Litvan, who was honored as 2007 Coach of the Year by the United States Fencing Association, entered college coaching in 1990. Since then, he has guided championship-level teams and individuals in both men’s and women’s fencing and in all three weapons of the sport–sabre, foil and epee.

An émigré from the former Soviet Union, Litvan became an assistant at the University of Pennsylvania in 1990, remaining there until being named head coach at Rutgers in New Brunswick, NJ, in June 1994. He was head coach of Rutgers until last month and now joins the NJIT staff.

He joined the United States National Team program in 1995 and was a coach in the 1996 and 2000 Olympic Games. Litvan, who also coached in the World University Games and in the Pan American Games, was on the US coaching staff for the fencing World Championships from 1995 to 1999.

In addition to his college and national team work, Litvan has coached at the New York Athletic Club since 1995 and worked with three fencers who have combined to compete in five Olympic Games, while combining to win six United States national championships.

In 13 years as coach at Rutgers, Litvan led his teams to 11 berths in the NCAA national championships. The teams consistently finished in the top 15 and made the top 10 in seven NCAA tournaments.
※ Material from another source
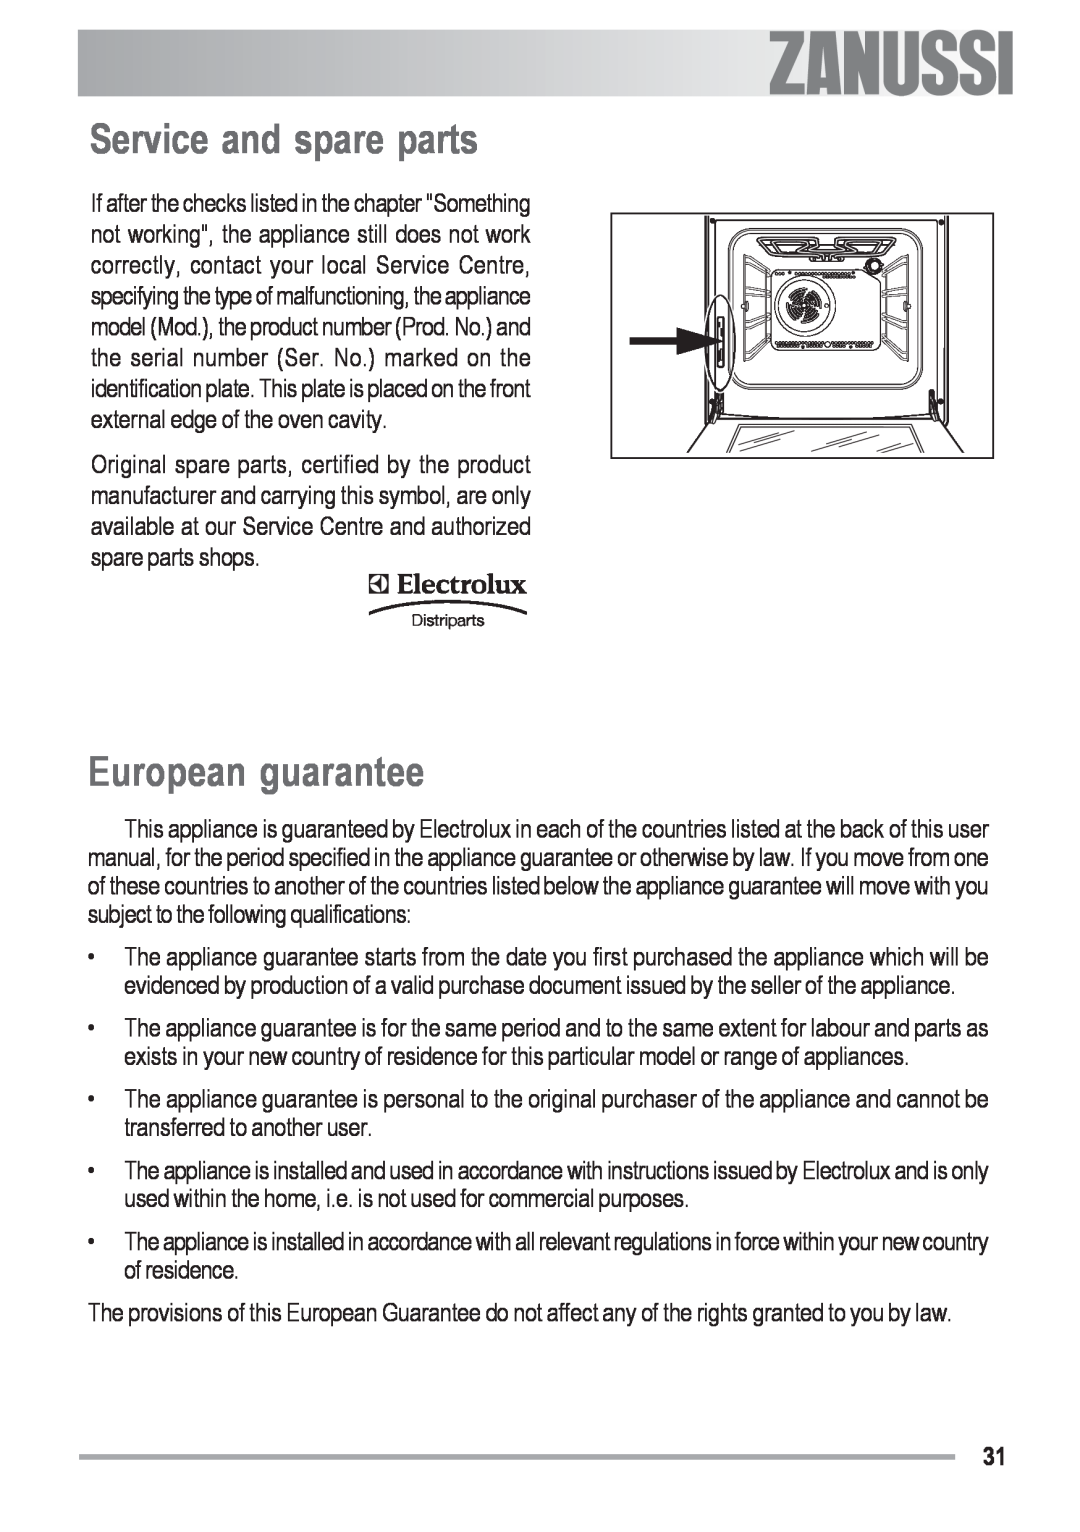 Zanussi ZOB 691 manual Service and spare parts, European guarantee, electrolux 
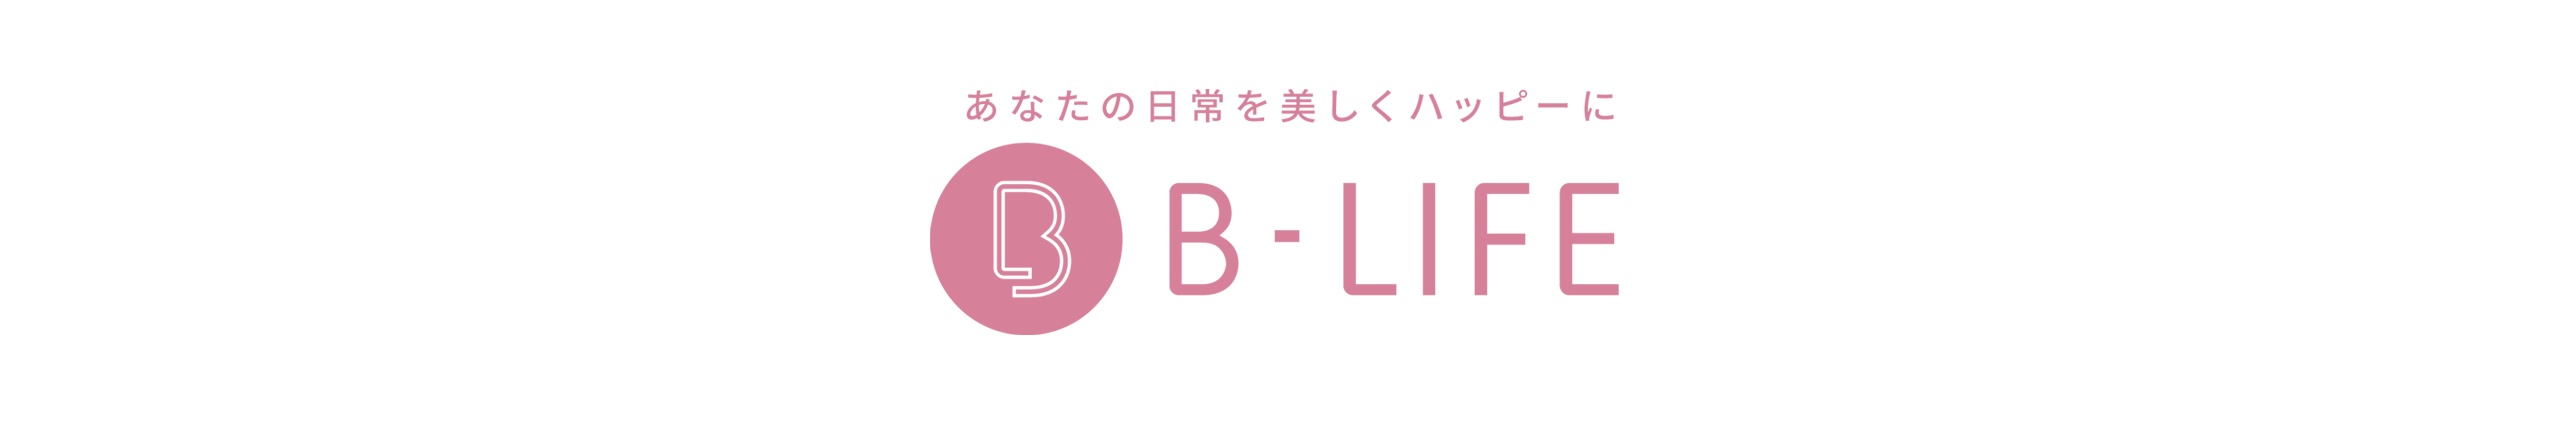 B-life

In the March 2007 NCAA national championships, Litvan guided his team to a 12th-place finish. It was the final varsity fencing competition for Rutgers, which announced last year that it was eliminating six varsity intercollegiate sports, including fencing.

In 2003, under his tutelage, women’s fencer Alexis Jemal, who had not competed interscholastically prior to college, captured the individual NCAA championship in the women’s sabre. In 1996, Litvan’s Rutgers team won the NCAA team championship in another weapon of fencing, the epee.

In four years at Penn, Litvan coached three All-Americans and two Ivy League team champions. The Penn women’s team was second in the 1994 NCAA championship and the Penn sabre team was second at the NCAAs in 1993 and third in 1994.

Litvan’s coaching career began in the former Soviet Union in 1959, when he was based in Ukraine. Before immigrating to the United States, more than 20 of his protégés achieved the rank of Master of Sports in the former USSR.

At NJIT, he will assume leadership of a sport with one of the longest, richest traditions at the school, with records dating back to 1935-36 on the men’s side. A separate women’s program was founded in 1982-83 and competed until 1990-91. The women’s program was re-established in 2003-04 and continues as a Highlander varsity sport.

The person most identified with fencing at NJIT is the late Paul Hausser, who was a beloved teacher and coach at the school until his retirement in 1991. He headed the fencing program from 1953-54 through 1984-85, compiling more than 200 wins while winning more than 78 percent, including two North Atlantic regional championships. Professor Hausser was widely respected in fencing circles and served on numerous advisory boards for the sport, including the NCAA Fencing Committee.

Starting in 2007-08, NJIT will be the only public institution in New Jersey sponsoring fencing as an intercollegiate varsity sport. Additionally, the school will be the only one in New Jersey offering athletic scholarships for both men’s and women’s fencing.